Vergi uyumu mükelleflerin vergilendirmeye ilişkin beyannamelerini zamanında idareye teslim etmesini, beyannamelerin vergi yükümlülüğünü tam olarak yansıtacak şekilde beyannamenin doldurulduğu tarihte geçerli olan yasal mevzuata uygun olmasını ve zamanında vergisini ödemesini gerektirir.

Vergi uyumunun ana unsurları beş başlık altında toplanabilir: bunlar;

  • Vergiye tabi gelirin doğru beyan edilmesi,
  • Matrahtan indirilebilecek giderlerin doğru gösterilmesi,
  • Vergi beyannamesinin süresi içinde doldurulması,
  • Vergi beyannamesindeki hesaplamaların doğru yapılması,
  • Vergilerin zamanında ödenmesidir.

Vergi ahlakı, mükelleflerin devletle aralarındaki ilişkiyi belirleyen davranış normlarıdır.

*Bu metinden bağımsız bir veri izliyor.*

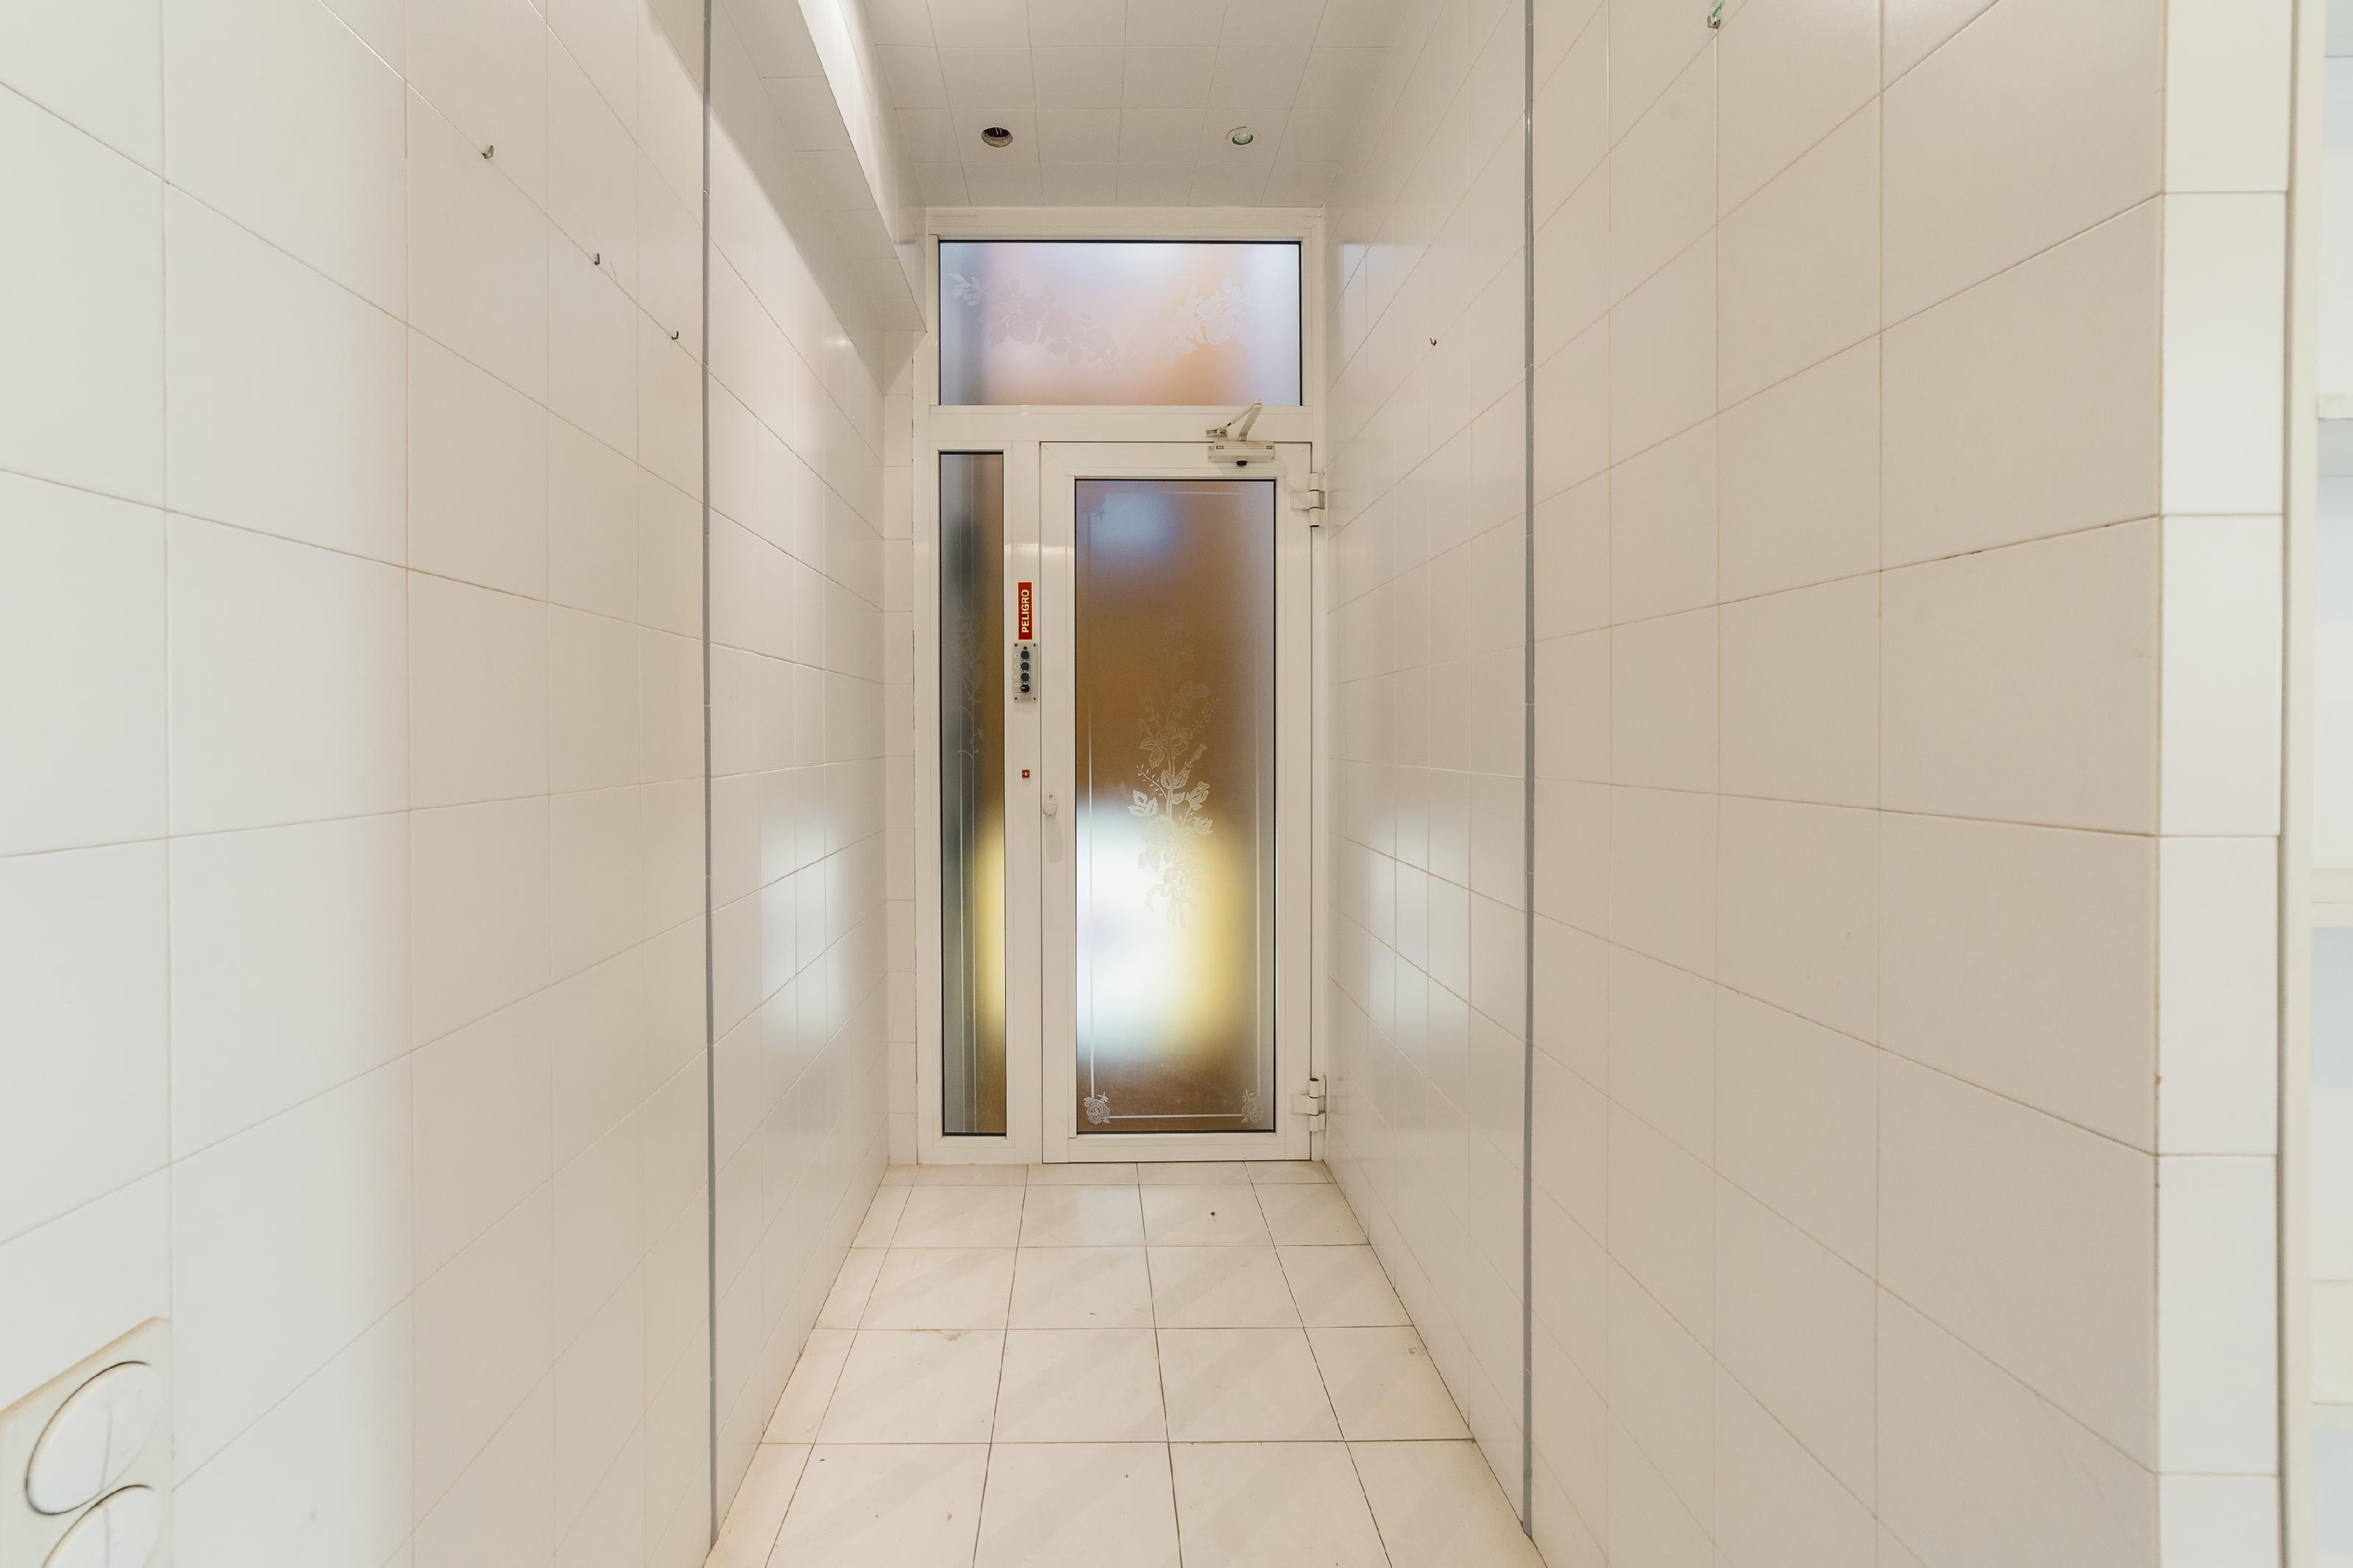 249314 Penthouse for sale in Sarrià-Sant Gervasi, Sant Gervasi-Galvany 27

Devletler vatandaşların vergi yasalarına uygun davranmalarını, vergilerini zamanında ve eksiksiz ödemelerini isterler. Devletin amacı vergi uyumunu artırmaktır. Vatandaşın vergiye uyumunu ilgilendiren iki çeşit sınırdan bahsedebiliriz:

i) vergi uyumunda devlet kaynaklı sınırlar
ii) vergi uyumunda mükellef kaynaklı sınırlar

Başarılı bir vergi politikası uygulaması için hem makro hem de mikro sınırların göz önünde bulundurulması gerekir.

Vergi Uyumunda Makro Sınırlar

Verginin bir birim dahi artırılmasının mümkün olmadığı noktaya vergilemenin sınırı denir. Vergilemenin sınırının belirlenmesinde hukuki, ekonomik, politik, psikolojik ve benzeri ögelerin birlikte dikkate alınması gerekir.

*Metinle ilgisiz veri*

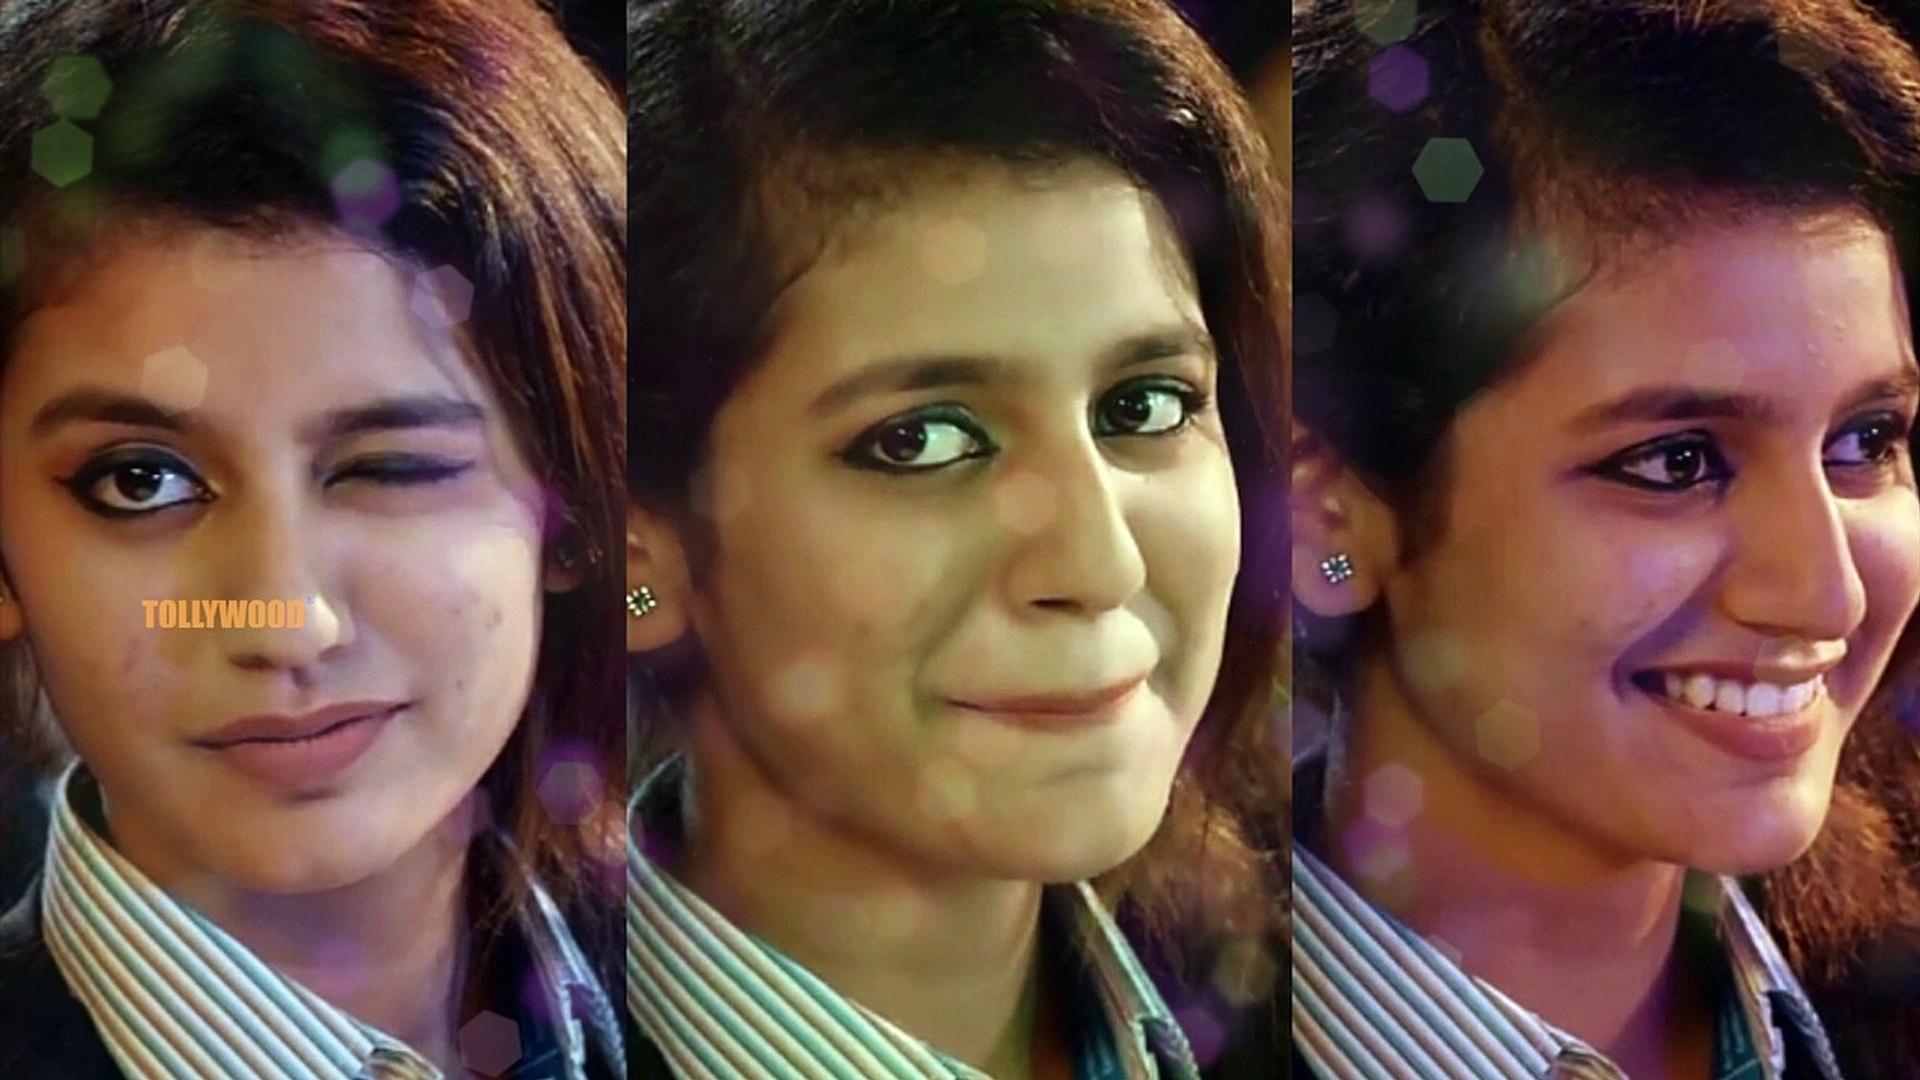 This Time Kiss Gun for Allu Arjun | అల్లు అర్జున్ పై కాల్పులు | Allu Arjun | Priya Prakash Varrier -

Vergilemenin Hukuki Sınırı

Vergilemede hukuki sınır anayasa, yasa ve diğer mevzuattan kaynaklanır. Temsilsiz vergi olmaz prensibinin uygulandığı ülkelerde alınacak vergiler konusunda son söz halkın kendi içinden seçtiği temsilcilere aittir. ‘Temsilsiz vergi olmaz’ ilkesi ile aynı anlama gelen ‘kanunsuz vergi olmaz’ ilkesinin sonucu olarak halkın ne kadar vergi ödeyeceğine kral değil halk temsilcileri aracılığıyla kanunlar çıkartarak karar vermektedir.

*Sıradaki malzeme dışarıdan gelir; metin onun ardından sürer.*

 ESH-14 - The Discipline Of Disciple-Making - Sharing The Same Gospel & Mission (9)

Türkiye’de de hukuki vergi sınırlaması Anayasa ile başlar. Temsilsiz ve kanunsuz vergi olmaz prensibi 1982 Anayasası 73. maddesinde açık bir şekilde belirtilmiştir:

“Herkes kamu giderlerini karşılamak üzere, mali gücüne göre, vergi ödemekle yükümlüdür. Vergi yükünün adaletli ve dengeli dağılımı, maliye politikasının sosyal amacıdır. Vergi, resim, harç ve benzeri mali yükümlülükler, kanunla konulur, değiştirilir veya kaldırılır. Vergi, resim, harç ve benzeri mali yükümlülüklerin muaflık, istisnalar ve indirimleriyle oranlarına ilişkin hükümlerinde kanunun belirttiği yukarı ve aşağı sınırlar içinde değişiklik yapma yetkisi Cumhurbaşkanına verilebilir.”

Vergilemenin Ekonomik Sınırı

Vergi kapasitesinin en etkin biçimde kullanılabilineceği nokta verginin ekonomik sınırıdır. Bir ülke için GSYH, bir birey için gelirinin tümü verginin ekonomik sınırının son noktasıdır. Bir bireyin gelirinin tümünün vergilendirilmesine müsadere denir. Müsaderede kişinin tüm gelirine devlet el koyar. Bu durumda mükellef gelirini olduğundan düşük göstermek için her türlü yolu deneyecektir. Devletler vergi politikasının başarılı olabilmesi için vergi alırken bireyin ekonomik sınırını dikkate alması gerekir.

Vergilemenin Mali Sınırı

Mevcut bir vergi oranının artırılmasına rağmen vergi hasılatında artık bir artışın olmadığı noktaya gelindiğinde verginin mali sınırına ulaşılmış demektir. “Vergilemede çoğu kez iki kere iki dört değil, bir eder” kuralı vergi oranları ile vergi hasılatı arasında doğrusal bir ilişkinin olmadığını ifade eder.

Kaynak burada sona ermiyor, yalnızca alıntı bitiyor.